Kenaikan Gaji DPRD DKI Jakarta di Tengah Covid-19 Dinilai Tidak Pantas

<b>Lifepod.id</b> - Sebelumnya diketaui jika DPRD DKI mengusulkan kenaikan tunjangan untuk legislator tahun depan. Atas hal ini banyak kontra yang dilayangkan dari berbagai pihak, mengingat pandemi COVID-19 saat ini.

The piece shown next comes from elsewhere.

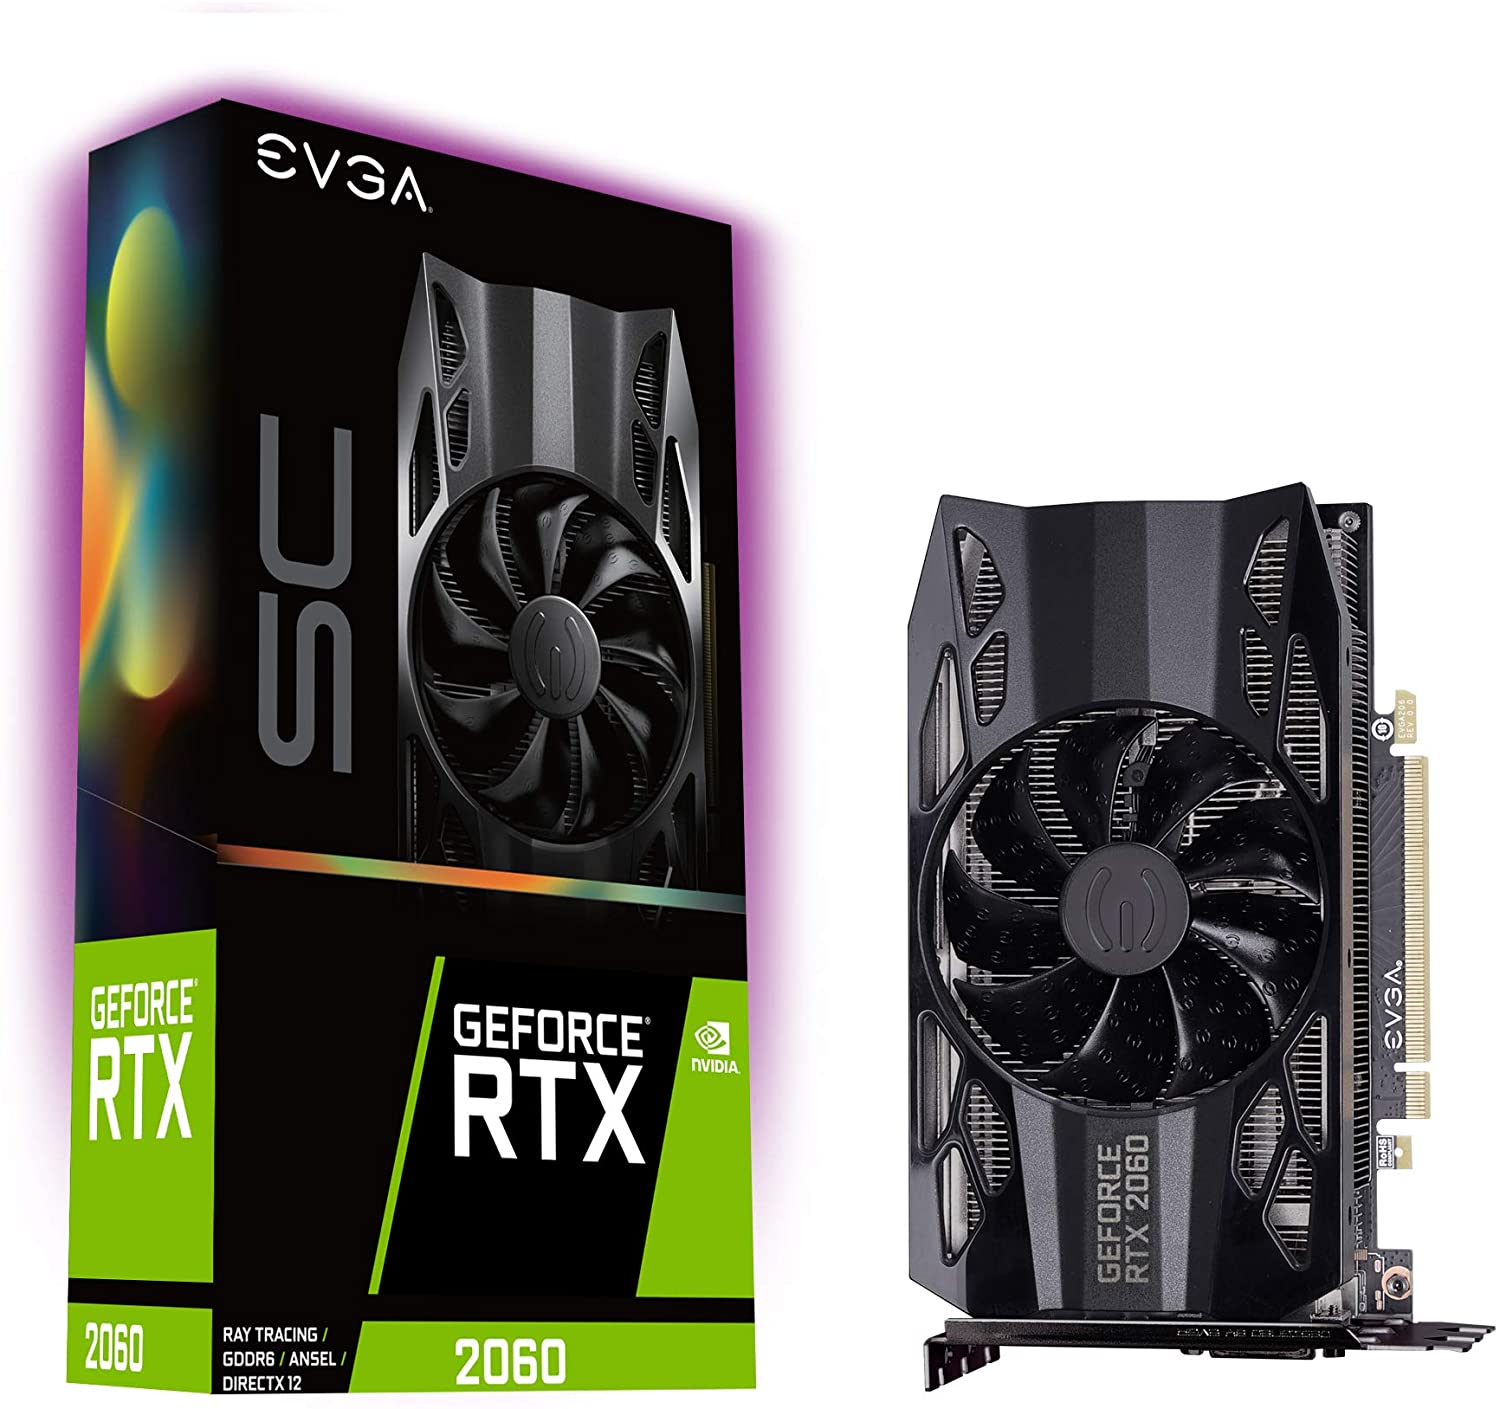 EVGA GeForce RTX 2060 SC GAMING, 6GB GDDR6, HDB Fan Graphics Card 06G-P4-2062-KR $250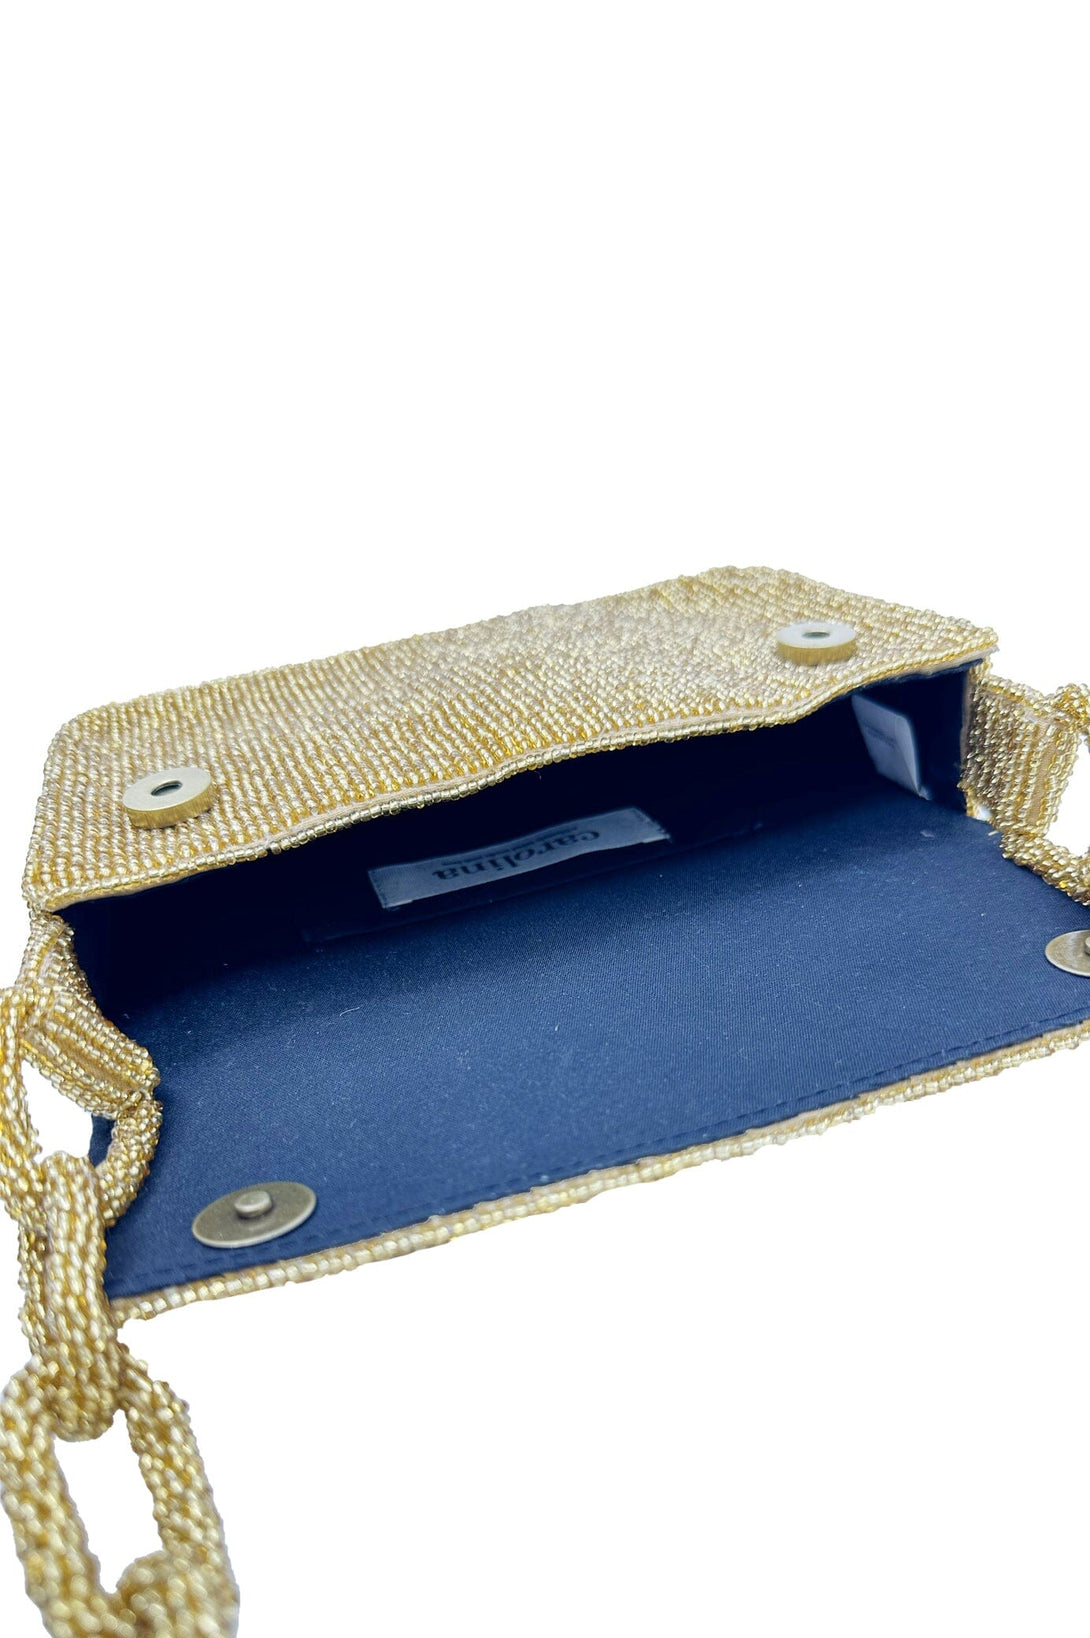 Nara Sequinned Clutch Bag Gold Seasonal Handbag

Kenaikan Gaji DPRD DKI Jakarta di Tengah Covid-19 Dinilai Tidak Pantas

 

Pandemi COVID-19 telah membuat banyak orang hidup lebih susah, apalagi angka kemiskinan dan situasi di ibu kota bisa dibilang menjadi salah satu yang terparah. Mereka dianggap telah kehilangan empati.

Ketua DPW PSI Jakarta Michael Victor Sianipar menilai, tidak seharusnya anggota DPRD DKI Jakarta meminta kenaikan anggaran Rencana Kerja Tahunan (RKT) anggota Dewan. Apalagi di saat bersamaan gaji ASN DKI dipotong akibat pandemi Covid-19.

"Kami melihat kenaikan tersebut tidaklah pantas dan juga di tengah kesulitan ekonomi masyarakat," tegas dia.

Gaji dan tunjangan anggota DPRD DKI Jakarta diusulkan naik menjadi Rp 8,38 miliar pada 2021.

Gaji tersebut berupa pendapatan langsung, pendapatan tidak langsung, kegiatan sosialisasi, dan reses. Dimana nantinya setiap anggota DPRD DKI Jakarta akan mendapatkan gaji bulanan sebesar Rp 173 juta sebelum dipotong pajak penghasilan yang terdiri dari uang representasi, paket, tunjangan keluarga, jabatan, beras, komisi, badan, perumahan, komunikasi, dan transportasi.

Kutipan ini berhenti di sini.